*** Data shown ***

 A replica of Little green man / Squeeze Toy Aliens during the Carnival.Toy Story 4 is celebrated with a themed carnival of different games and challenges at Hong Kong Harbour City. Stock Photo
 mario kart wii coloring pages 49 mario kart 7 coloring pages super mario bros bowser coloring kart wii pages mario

*** End of Data shown ***
*** Data shown ***

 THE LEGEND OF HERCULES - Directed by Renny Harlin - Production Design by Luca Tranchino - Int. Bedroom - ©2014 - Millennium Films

*** End of Data shown ***

#### [Requirement]
Among the entries above, the lines between the ones containing "A replica of" and "mario kart wii", inclusive, are to be transcribed exactly. No other line is to be given.

#### [Problem solution]
 A replica of Little green man / Squeeze Toy Aliens during the Carnival.Toy Story 4 is celebrated with a themed carnival of different games and challenges at Hong Kong Harbour City. Stock Photo
 mario kart wii coloring pages 49 mario kart 7 coloring pages super mario bros bowser coloring kart wii pages mario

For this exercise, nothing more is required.